Texas commercial photographer Kirk Tuck’s The Visual Science Lab is one of the better snap-salesman-waxes-philosophical blogs, usually well worth a read. Last month, though, he posted a screed that perpetuates a beloved but, I think, wholly bogus myth: that photography is a kind of athletic knack, and that you’ll get better at it if you practice every day.
Tuck, an avid swimmer, dutifully notes the hours and hours that competitive swimmers train, then opines:
…many photographers don’t get that constant practice is really required to perform photography well… I think photography is every bit as demanding as competitive swimming but in a different way.
And, in the comments, the fanboys went wild with admiration. Photography buffs generally do, for anything that smacks of a clear-cut prescription: Do X and you’ll get Y. Besides, it’s such a commonsense-sounding notion, one so full of homespun virtue: Practice makes perfect.
Or does it?
Tuck may have his swimmers, but I recall an anecdote from 1986 about piano virtuoso Vladimir Horowitz, who — at the age of 83 — had just performed a brilliantly successful recital in Moscow. Asked by a reporter how many hours a day he had practiced for his triumph, Horowitz is said to have replied: “Practice? Oh, I did that when I was young.”
Of course, few of us are photo-Horowitzes… but on the other hand photography isn’t nearly as physical as piano-playing, let alone swimming. Yeah, facile gear-handling may help you get more decent shots in genres such as street, sports, or wildlife — but it isn’t necessarily going to make any one of those shots any better. On a strict qualitative level, the final photograph doesn’t look any different whether you slicked into the right settings instantly, or bumbled around for an hour first.
But isn’t it safe to say that, even if it doesn’t help, at least practice does’t hurt? Even of that I’m not so sure, and again it’s because of Tuck’s post.
Tuck closed with a numbered list of exercises (and if there’s one thing the fanboys love more than a clear-cut prescription, it’s a numbered list of them.) In all honesty, a lot of them are rather good. But then there’s that dear old chestnut: “Like eating, breathing and swimming, do it everyday.”
He meant “every day,” but hey, he’s not a professional writer. And at the time I read his post, I wasn’t feeling picky; in fact, I was feeling a little desperate, and in the mood to try something that might give me the illusion of Making Progress in My Personal Work. So I decided to jump in the pool and make a picture every day.
The first day, August 1, I let it go until evening. Then I decided to make a picture of something I had noticed many times before, the pattern of shadows that the streetlight outside makes on my bedroom wall. I figured out how to shoot it, set up a camera and tripod, and clicked off a few frames. It was kind of fun.

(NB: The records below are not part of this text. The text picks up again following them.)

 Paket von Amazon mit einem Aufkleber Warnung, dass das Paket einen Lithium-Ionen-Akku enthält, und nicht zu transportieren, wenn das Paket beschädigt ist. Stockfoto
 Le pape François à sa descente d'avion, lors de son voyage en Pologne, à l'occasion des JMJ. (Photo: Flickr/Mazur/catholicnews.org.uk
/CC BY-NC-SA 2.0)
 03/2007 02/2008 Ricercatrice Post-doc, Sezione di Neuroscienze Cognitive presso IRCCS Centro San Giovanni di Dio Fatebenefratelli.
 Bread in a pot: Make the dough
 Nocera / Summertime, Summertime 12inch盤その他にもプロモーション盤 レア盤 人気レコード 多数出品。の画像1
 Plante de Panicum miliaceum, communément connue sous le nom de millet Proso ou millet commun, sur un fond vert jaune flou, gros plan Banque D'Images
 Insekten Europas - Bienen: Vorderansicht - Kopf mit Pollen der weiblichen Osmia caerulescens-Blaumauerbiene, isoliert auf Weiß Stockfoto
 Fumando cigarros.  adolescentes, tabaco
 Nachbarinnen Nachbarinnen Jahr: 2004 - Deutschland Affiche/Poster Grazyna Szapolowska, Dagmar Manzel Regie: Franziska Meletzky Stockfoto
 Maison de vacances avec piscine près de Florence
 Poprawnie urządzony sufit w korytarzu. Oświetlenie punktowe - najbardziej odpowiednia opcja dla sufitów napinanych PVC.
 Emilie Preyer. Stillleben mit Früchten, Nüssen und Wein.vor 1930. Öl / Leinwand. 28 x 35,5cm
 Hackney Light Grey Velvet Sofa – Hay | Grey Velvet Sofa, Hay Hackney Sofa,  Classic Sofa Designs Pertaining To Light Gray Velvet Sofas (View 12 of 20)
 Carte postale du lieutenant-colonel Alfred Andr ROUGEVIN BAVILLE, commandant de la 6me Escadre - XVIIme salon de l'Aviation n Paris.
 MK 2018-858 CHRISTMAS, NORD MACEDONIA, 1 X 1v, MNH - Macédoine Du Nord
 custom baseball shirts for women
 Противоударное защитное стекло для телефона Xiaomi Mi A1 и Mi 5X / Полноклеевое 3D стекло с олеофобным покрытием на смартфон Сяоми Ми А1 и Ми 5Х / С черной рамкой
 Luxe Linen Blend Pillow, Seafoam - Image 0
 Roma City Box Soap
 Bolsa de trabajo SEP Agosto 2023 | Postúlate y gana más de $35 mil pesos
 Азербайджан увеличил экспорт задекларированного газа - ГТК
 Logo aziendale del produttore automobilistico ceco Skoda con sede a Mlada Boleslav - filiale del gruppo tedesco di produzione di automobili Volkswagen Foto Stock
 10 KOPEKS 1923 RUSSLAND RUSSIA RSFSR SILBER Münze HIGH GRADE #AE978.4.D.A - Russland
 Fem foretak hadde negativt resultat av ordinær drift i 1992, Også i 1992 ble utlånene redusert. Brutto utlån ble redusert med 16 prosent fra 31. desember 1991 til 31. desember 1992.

The second evening I had been using my iPad, and decided to make a photo about that. Again, I figured out what to do, set up gear, and did it. Check.

The third evening, though, it hit me like a ton of Steinways that my two days’ worth of pictures were bupkis. They were mildly decorative little things, but completely trivial. I had just been going through the motions for the sake of going through them.
By practicing, all I was training myself to do was make photographs I didn’t care about.
Did I really want to do that? I didn’t. So I stopped.
My two days on the Tuck training regimen weren’t a complete waste of time, though. At least the experience clarified for me that the only thing I really like about photography is that it’s a way to make pictures that mean something to me.
Practicing how NOT to do that? No, thanks… I’m with Horowitz on this one.